On the whole, Intel has a good point that there is "a wide range of AI applications", e.g. there is AI life beyond CNNs. In many real-life scenarios, traditional machine learning techniques outperform CNNs, and not all deep learning is done with the ultra-scalable CNNs. And in other real-world cases, having massive amounts of RAM is another big performance advantage, both while training the model and using it to infer new data. 

So despite NVIDIA’s massive advantage in running CNNs, high end Xeons can offer a credible alternative in the data analytics market.

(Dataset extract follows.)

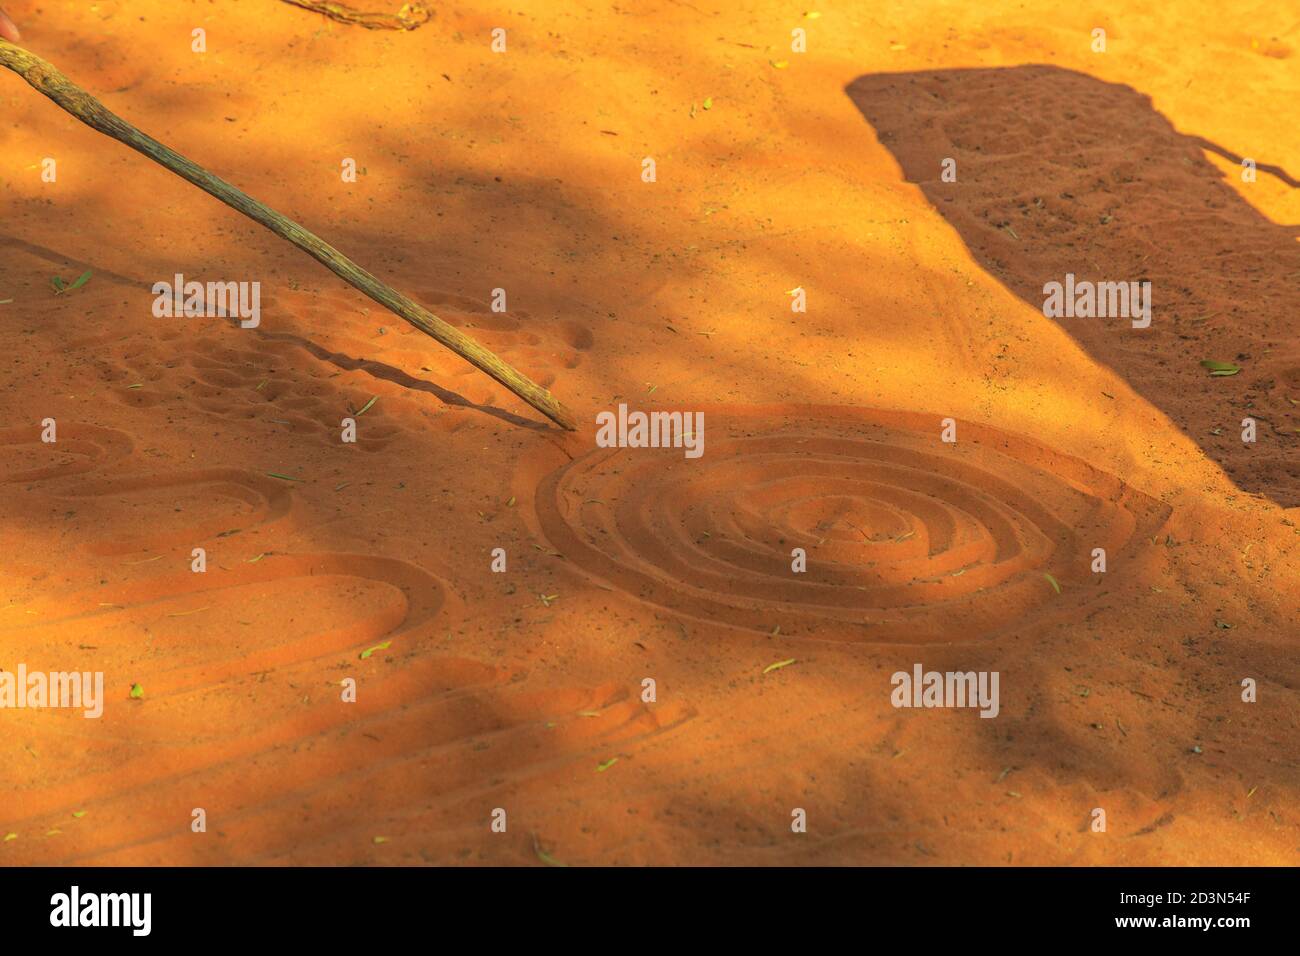 Kings Creek Station, Northern Territory, Australia - Aug 21, 2019: aboriginal people creating shapes with red sand on the ground in aboriginal art Stock Photo

To be sure, nobody expects the new Cascade Lake Xeons to outperform NVIDIA GPUs in CNN training, but there are lots of cases where Intel might be able to convince customers to invest in a more potent Xeon instead of an expensive Tesla accelerator:

  • Inference of AI models that require a lot of memory
  • "Light" AI models that do not require long training times.
  • Data architectures where the batch or stream processing time is more important than the model training time.
  • AI models that depend on traditional “non-neural network” statistical models

As result, there might be an opportunity for Intel to keep NVIDIA at bay until they have a reasonable alternative for NVIDIA’s GPUs in CNN workloads. Intel has been feverishly adding features to the Xeons Scalable family and optimizing its software stack to combat NVIDIA AI hegemony. Optimized AI software like Intel’s own distribution for Python, the Intel Math Kernel Library for Deep Learning, and even the Intel Data Analytics Acceleration Library – mostly for traditional machine learning... 

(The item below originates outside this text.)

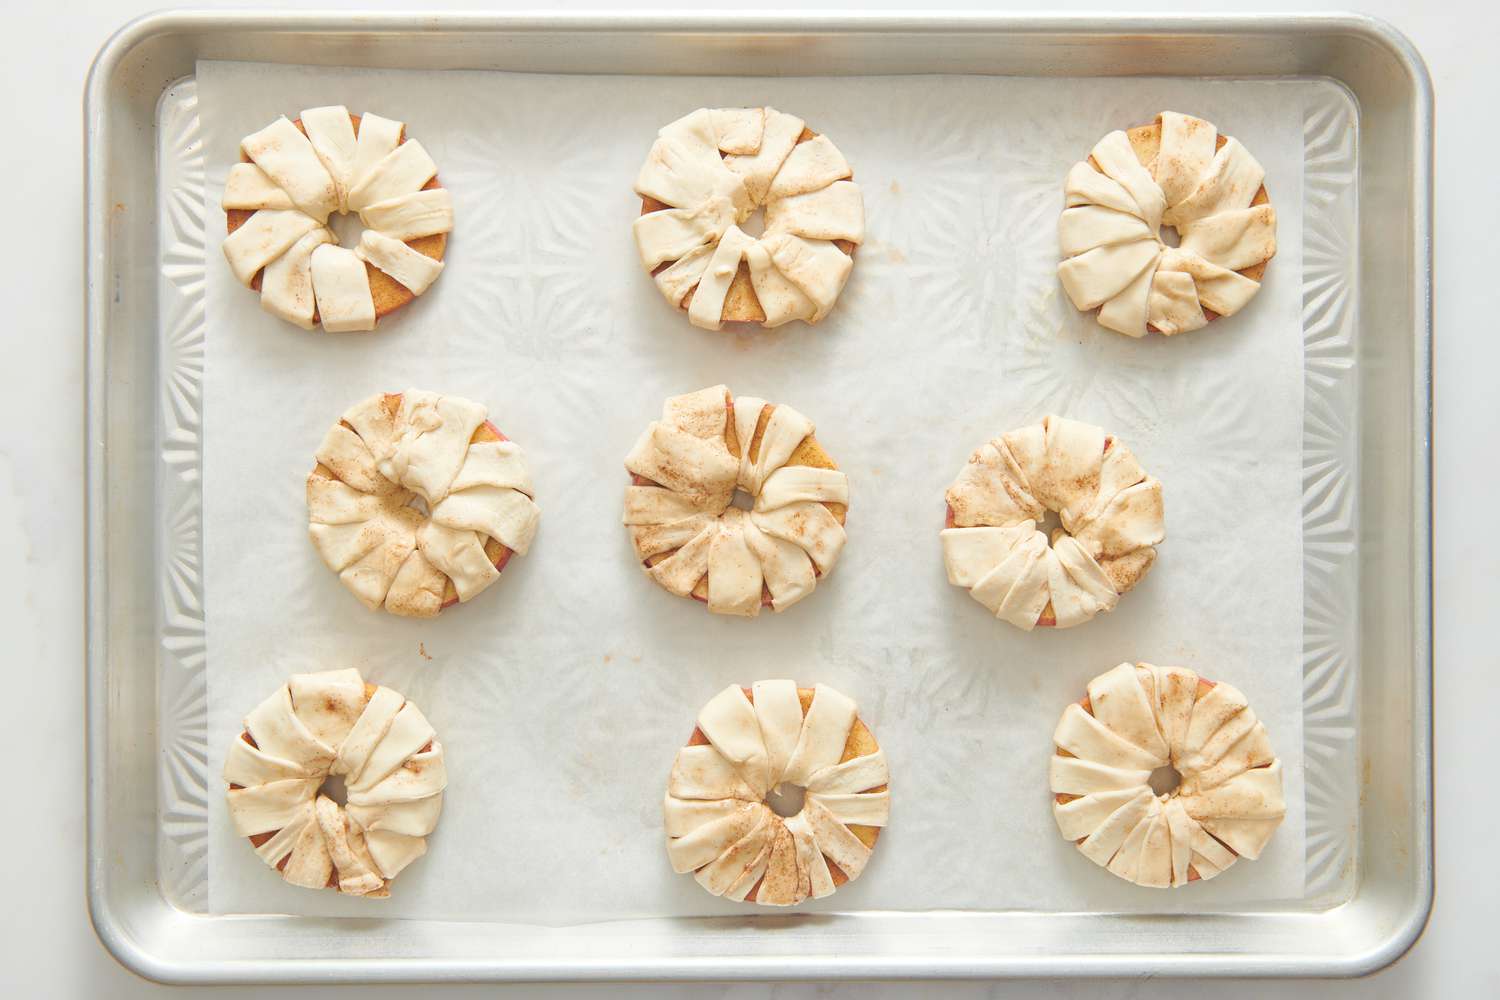 A parchment paper lined baking sheet with apple rings wrapped in strips of puff pastry

All told then, for the second generation of Intel’s Xeon Scalable processors, the company has added new AI hardware features under the Deep Learning (DL) Boost name. This primarily includes the Vector Neural Network Instruction (VNNI) set, which can do in one instruction what would have previously taken three. However even farther down the line, Cooper Lake, the third-generation Xeon Scalable processor, will add support for bfloat16, further improving training performance.

In summary, Intel trying to recapture the market for “lighter AI workloads” while making a firm stand in the rest of data analytics market, all the while adding very specialized hardware (FPGA, ASICs) to their portfolio. This is of critical importance to Intel's competitiveness in the IT market. Intel has repeatedly said that the data center group (DCG) or “enterprise part” is expected to be the company's main growth engine in the years ahead.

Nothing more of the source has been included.